▶ _YOUR GOAL_: Find and copy every line in the records that includes the string "スプレー".

▶ _SUPPLIED DATA_:

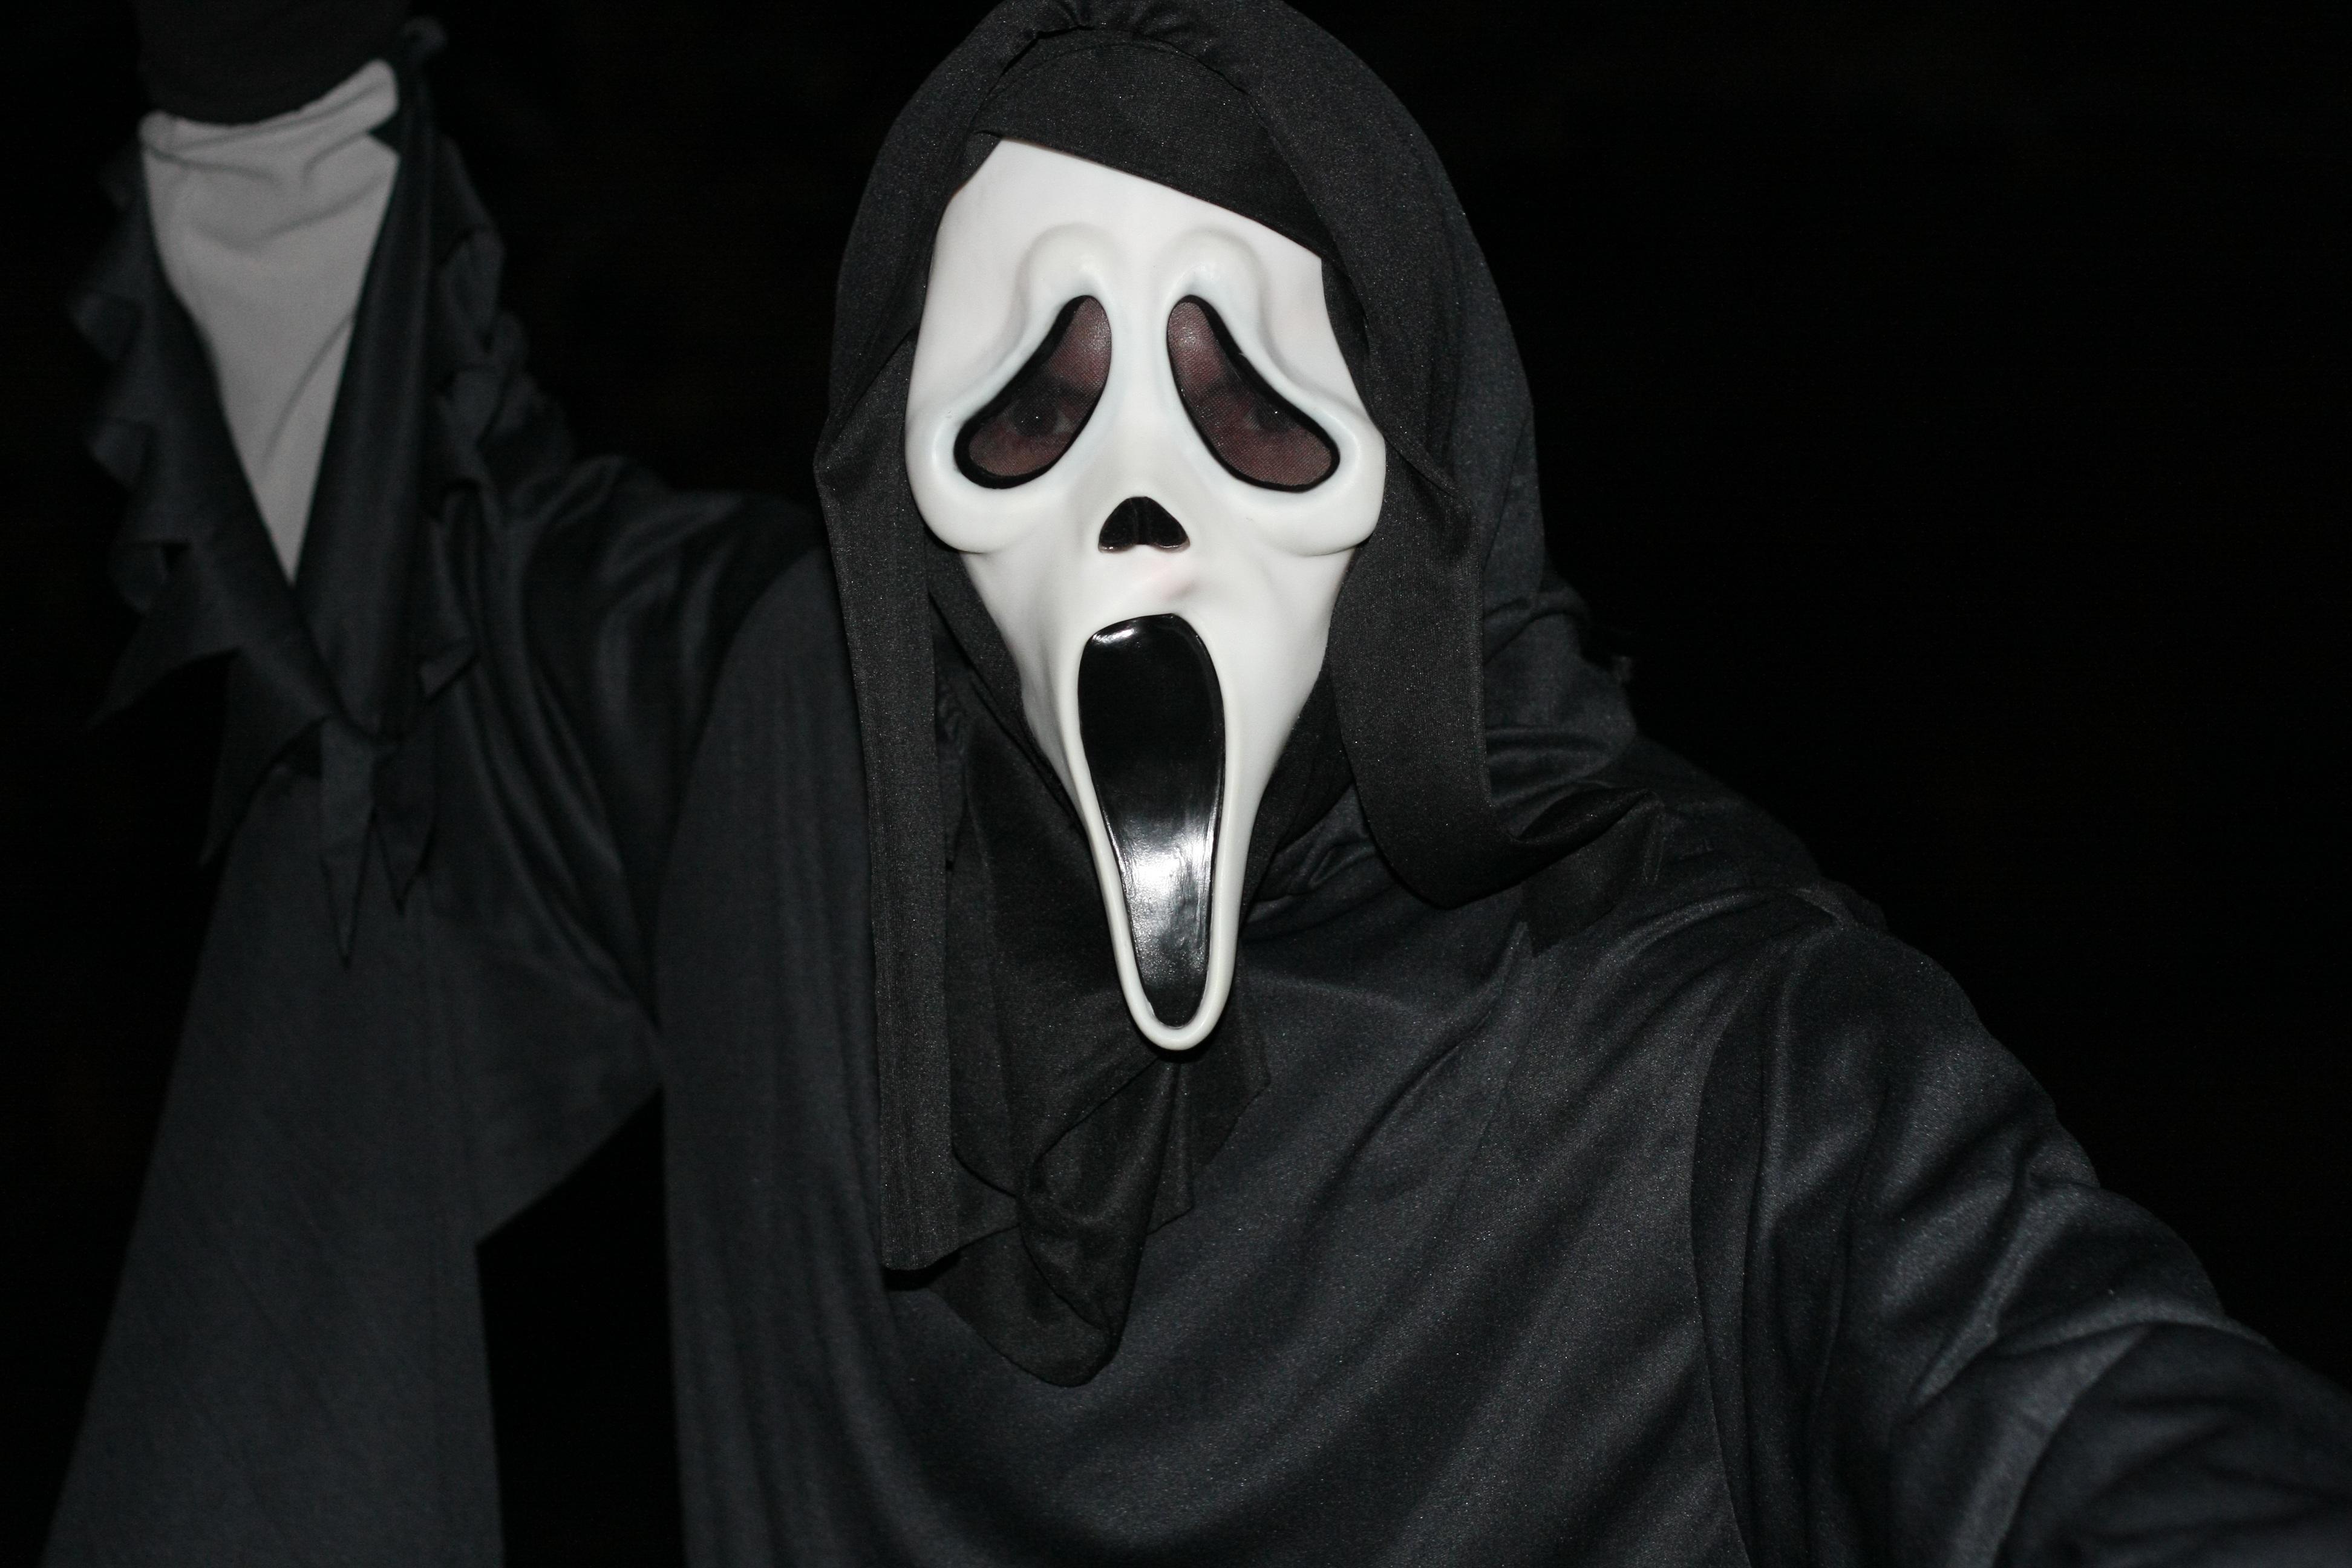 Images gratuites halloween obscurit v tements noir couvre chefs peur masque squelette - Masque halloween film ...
---
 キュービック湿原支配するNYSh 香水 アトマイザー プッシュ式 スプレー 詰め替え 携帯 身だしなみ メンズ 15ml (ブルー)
...
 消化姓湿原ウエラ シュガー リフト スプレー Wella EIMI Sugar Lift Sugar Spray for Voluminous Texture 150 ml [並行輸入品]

▶ _SOLUTION BELOW_:
 キュービック湿原支配するNYSh 香水 アトマイザー プッシュ式 スプレー 詰め替え 携帯 身だしなみ メンズ 15ml (ブルー)
 消化姓湿原ウエラ シュガー リフト スプレー Wella EIMI Sugar Lift Sugar Spray for Voluminous Texture 150 ml [並行輸入品]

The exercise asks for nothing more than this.